Exercise data:
......

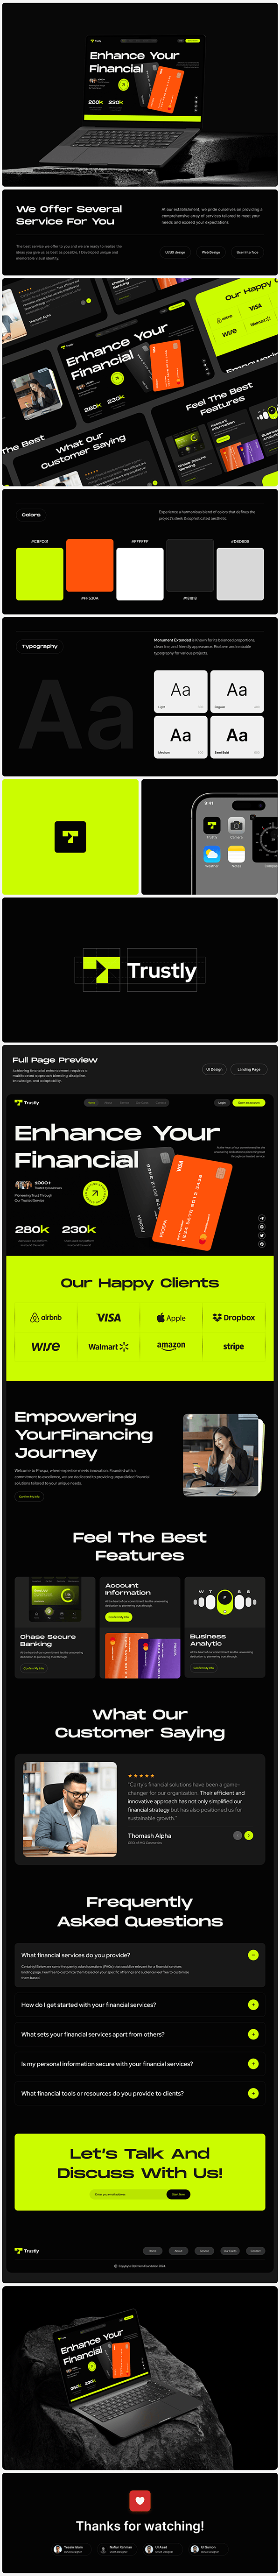 Fintech Banking Website Design
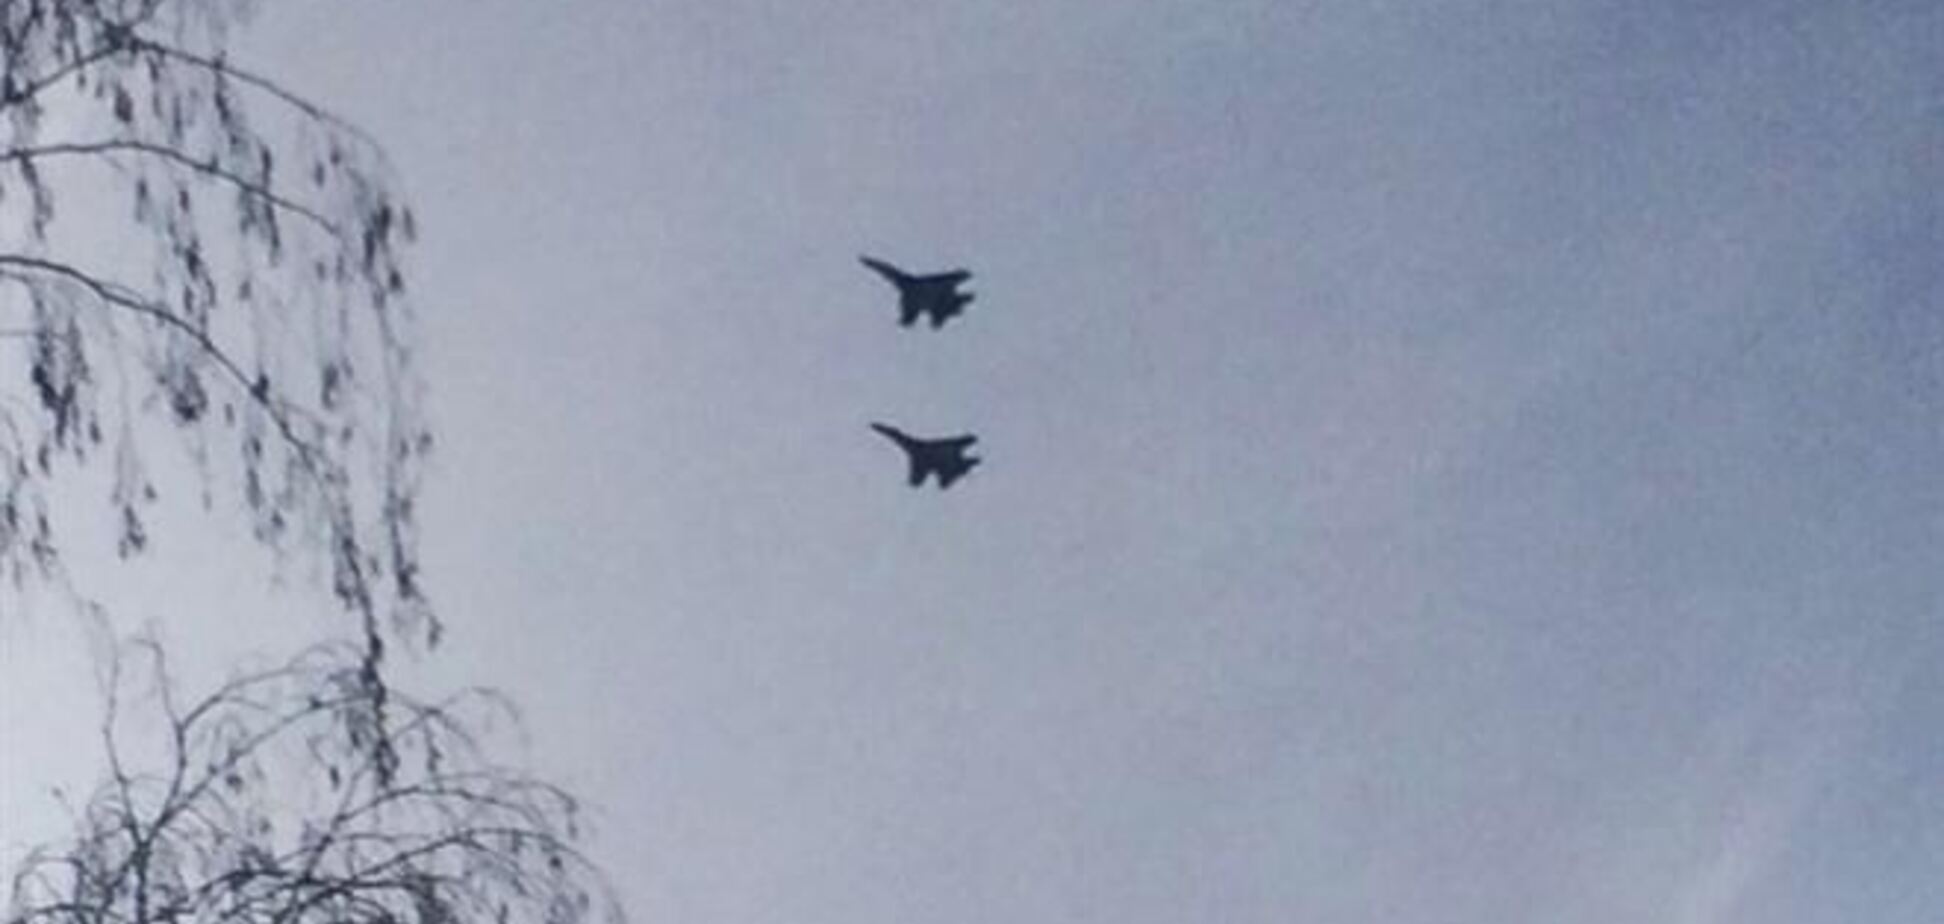 В небе над Донецком заметили два истребителя. В Минобороны говорят об изучении обстановки
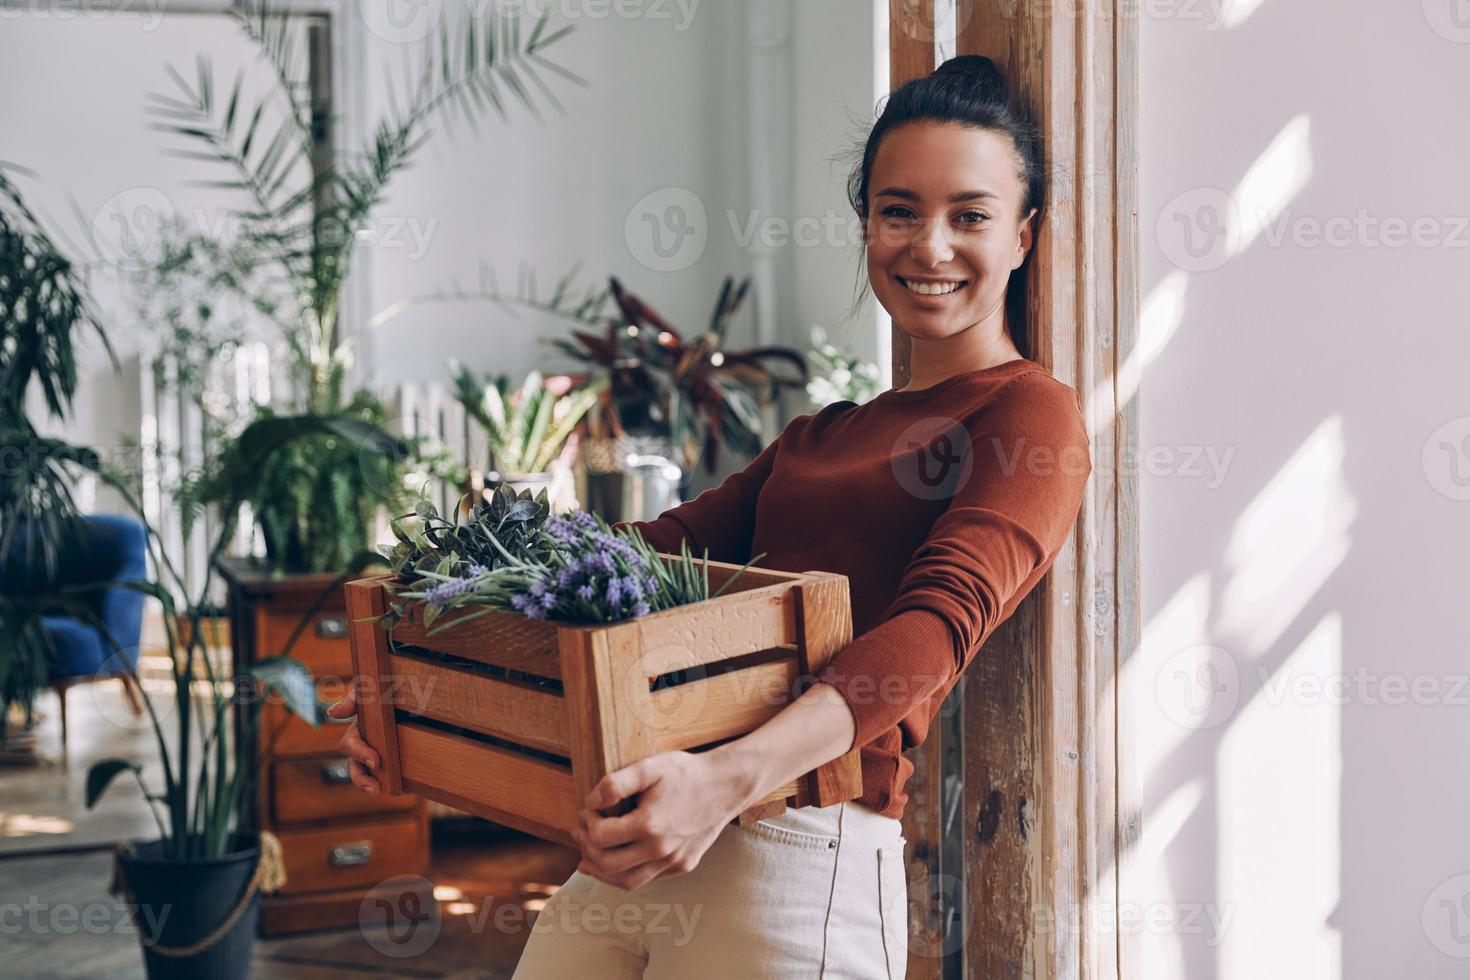 una joven alegre que lleva una caja de madera con plantas mientras se apoya en la puerta de casa foto

......

Exercise objective: What you produce must match the listing word for word, with no images in it.

Output:
 Fintech Banking Website Design
 В небе над Донецком заметили два истребителя. В Минобороны говорят об изучении обстановки
 una joven alegre que lleva una caja de madera con plantas mientras se apoya en la puerta de casa foto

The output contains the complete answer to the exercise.